Thursday, September 10, 2009

The life of a princess

The life of a princess

Muraho! I am writing under the canopy of a lovely mosquito net and I feel like a princess! Needless to say, I am in Kigali, having arrived safely with little trouble. All my bags arrived with everything intact! It was a long trip with several adventures, but it all ended well and so much has happened since that all that seems rather trivial.

I am staying at Tubahumurize centre with Simone, my niece. We are enjoying each other’s company a lot and she is helping me figure things out, since she has six weeks on my four days. So she is who I turn to. Jeanne, my host and the director of the centre, is here every day and she treats me well. She seems to like me quite a bit. Her son Valentin is the sweetest man, and he is who I turn to for help most often after Simone that is.

The language here of course is Kinyarwanda but many, if not most, people speak French as well. English is now the official language too so it is being taught in schools as a second language. Older people are taking every opportunity to learn. Simone has three English classes every week, and they are very popular and the women are learning like sponges. I have now attended two and enjoyed myself immensely as a sort of teacher’s aide.

I bought myself the obligatory cell phone. I say this because pretty well everyone has one. They are cheap and they are the way that people stay in touch, which is to say all the time! Also, the cell phone serves as a modem, to which you add points which represent money. It is not cheap to be online.

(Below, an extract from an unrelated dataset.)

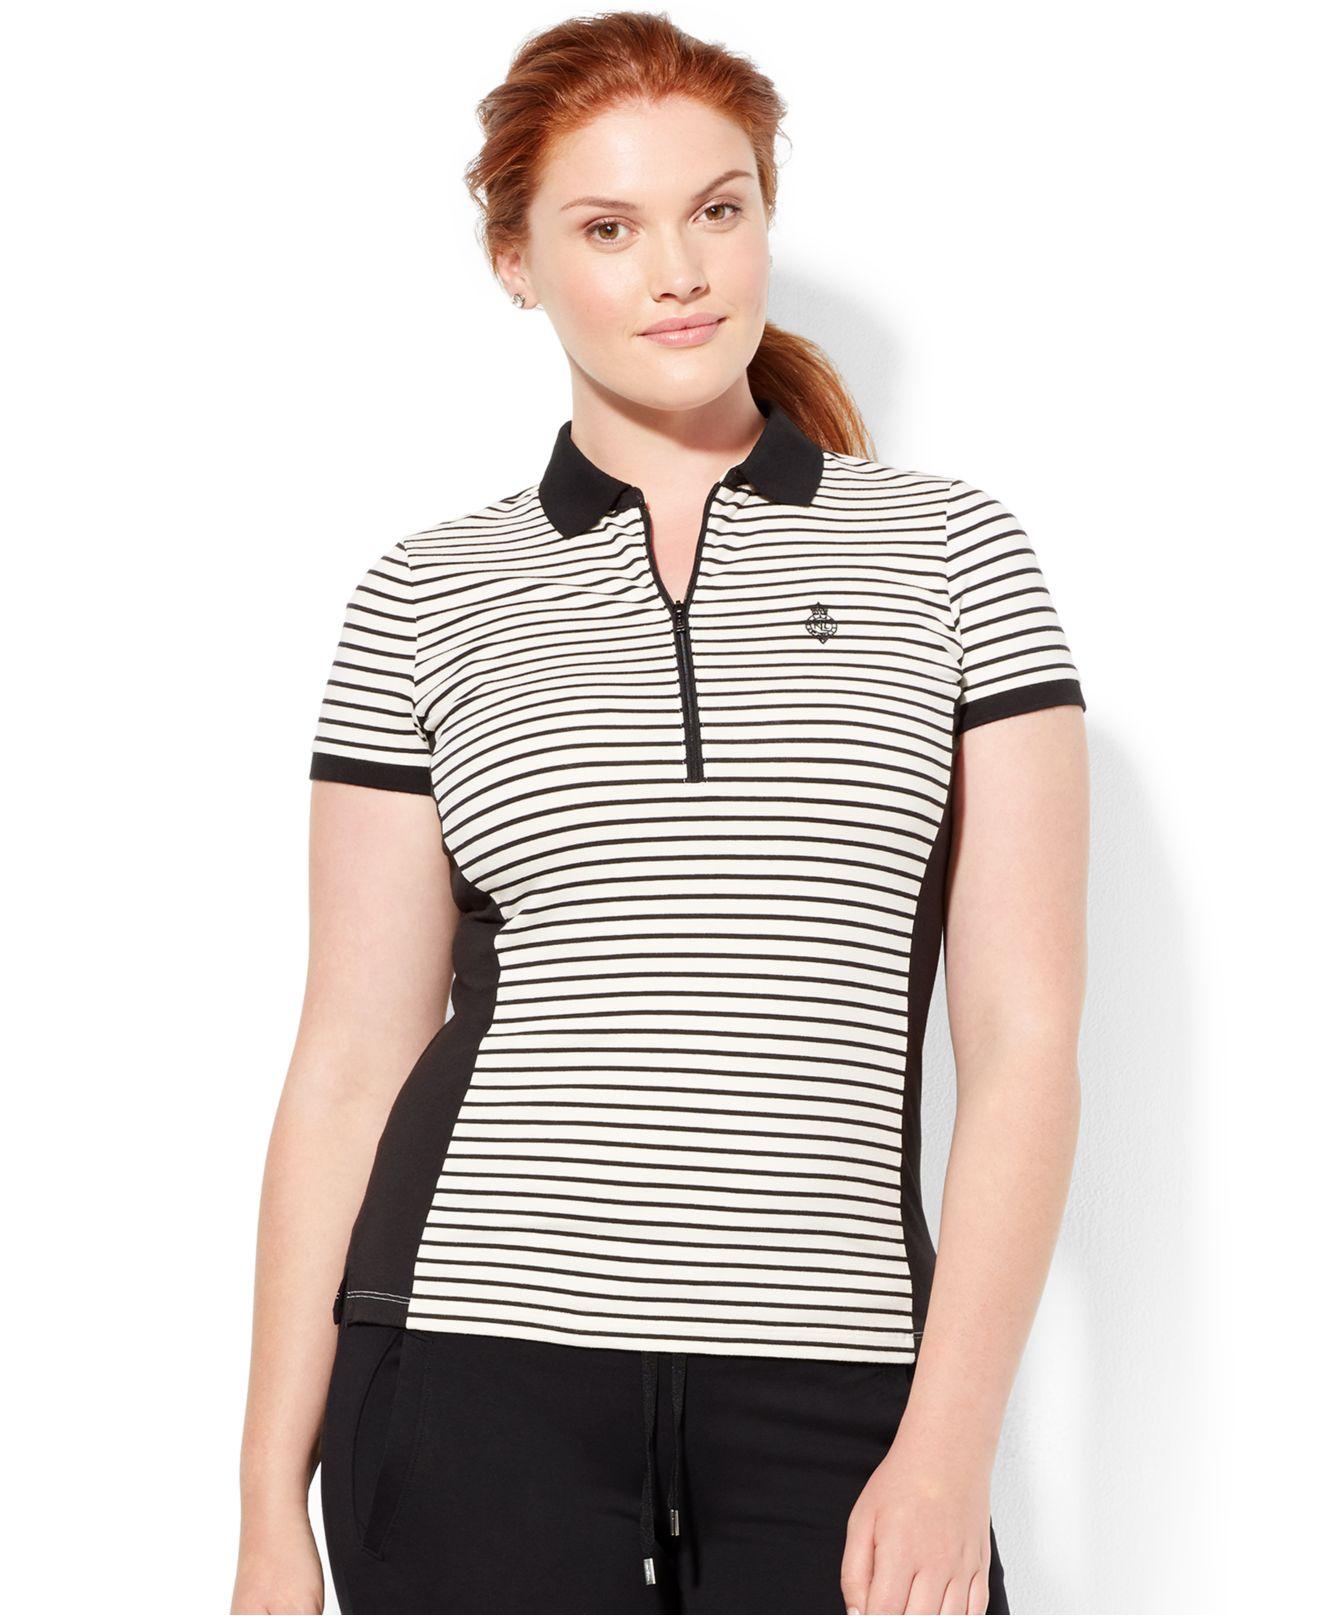 b52e5683892954 ... aliexpress lyst lauren by ralph lauren plus size striped half zip polo  shirt da699 2fef0

Speaking of money, most things are actually rather expensive here. The economic downturn has taken its toll on the economy here, especially the cost of food. As with all foreign currencies, there is quite a bit of calculating that has to happen whenever you encounter prices. And for the record, if you exchange $100 US (which is the exchange currency) you will not get the full exchange if your bills are older than 2006 I think. Does that sound like a scam or what?! Take note anyone who plans to travel here!

The climate is lovely. Somewhat hot in the sun, but I think it is hotter at home. Even though it is barely south of the equator, I doubt that it ever reaches ninety degrees, likely because of the altitude, which is one or two thousand feet. Interestingly, when filling a water bottle using a funnel yesterday, Simone noted that the eddy turns in the opposite direction to north of the equator! Very cool. Also way cool is how night falls – it takes about a minute, from daylight to night. That again is the equator. I had never thought of that.

Water is my life, at some level. In the morning, we boil our water in a large pot for ten minutes. After it cools, we pour it into containers. One of my water bottles is never far away. So far I have remained healthy and I hope to continue with that pattern. Food is another large part of my life, deciding what to eat and preparing it. The fruits are amazing and this evening I ate the most delicious avocado I have ever tasted. I am mostly eating vegetarian with Simone, plus fish. It is not the most tempting cuisine here, as many people use a lot of heavy oil.

I have met several groups of women, both older and young. Women and one man form the sewing class, which arrives around 8 in the morning, eager to get going. They seem to be very happy in their training and are learning quickly, perhaps eager to put their skills to work! The machines are gorgeous and I love hearing the clack, clack of the pedal as they sew.

I gave my first workshop today. Talk about baptism by fire! I was so not ready and the women had not been warned either. But I was prepared enough to teach a workshop – well, more like 2/3 of a workshop – we did not finish – on hygiene and first aid. The women were very interested and asked many questions. I was glad that I had brought posters of four systems of the human body. I think they really started to understand about the heart and circulatory system. They had difficulty finding their carotid pulse, but we all agreed in the end that we all had one and were alive!

Simone and I spend a little time in the evening decompressing from the day by playing cribbage. (Thanks John for suggesting that I bring cards and a portable crib board.) And here I am now, under my princess canopy, writing my blog, which I will post tomorrow. Good old thumb drives and copy and paste. We are working on making It possible for me to access the internet from my computer, but so far no luck. It is peck and search on the centre’s computer as it is a French keyboard I think. Different enough to make tons of mistakes, and for my editor’s eye, that is a no-go. I have to fix it all before sending.

Tomorrow brings a shopping expedition. Extension cord. Tomatoes, garlic, olive oil, butter. Something for dinner. A corkscrew. And perhaps finalize a plan to travel this weekend to see herds of elephants in the northeast corner of Rwanda. The discussions are raging but I think we are close to a decision.

With love to one and all. TTFN. Murabeho!